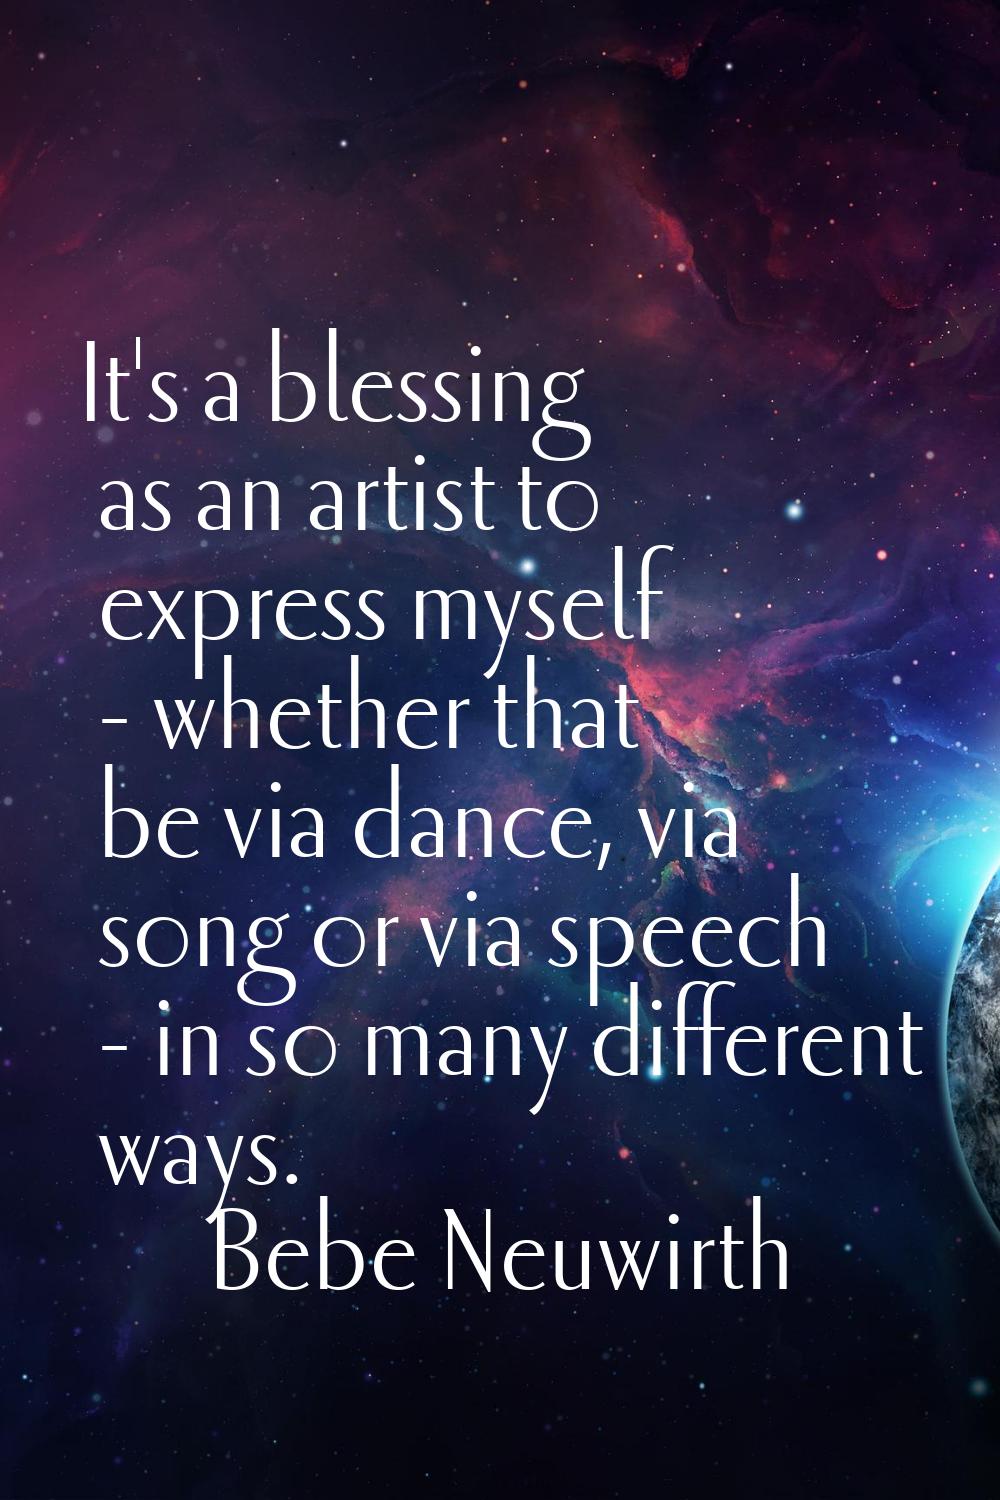 It's a blessing as an artist to express myself - whether that be via dance, via song or via speech 
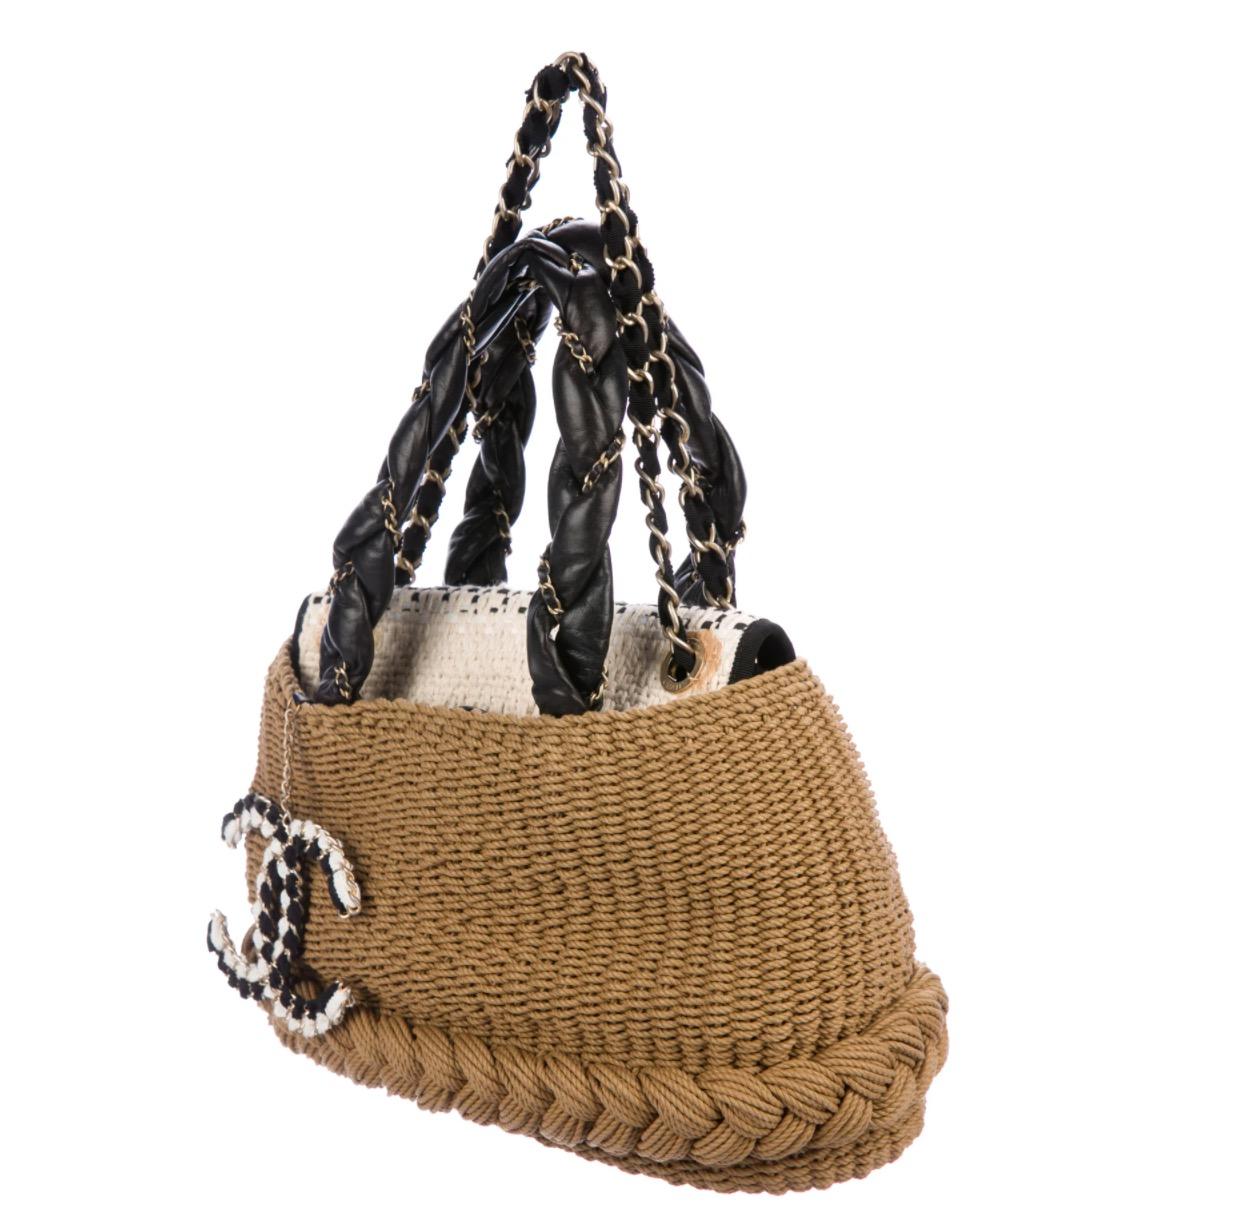 Woven rope 
Straw 
Tweed
Leather
Gold-tone hardware
Grosgrain lining
Magnetic snap closure
Shoulder strap drop 9

▶ Work item:
Copy every record character for character. Skip the pictures.

▶ Result of this task:
 It's a blessing as an artist to express myself - whether that be via dance, via song or via speech 
 Woven rope 
Straw 
Tweed
Leather
Gold-tone hardware
Grosgrain lining
Magnetic snap closure
Shoulder strap drop 9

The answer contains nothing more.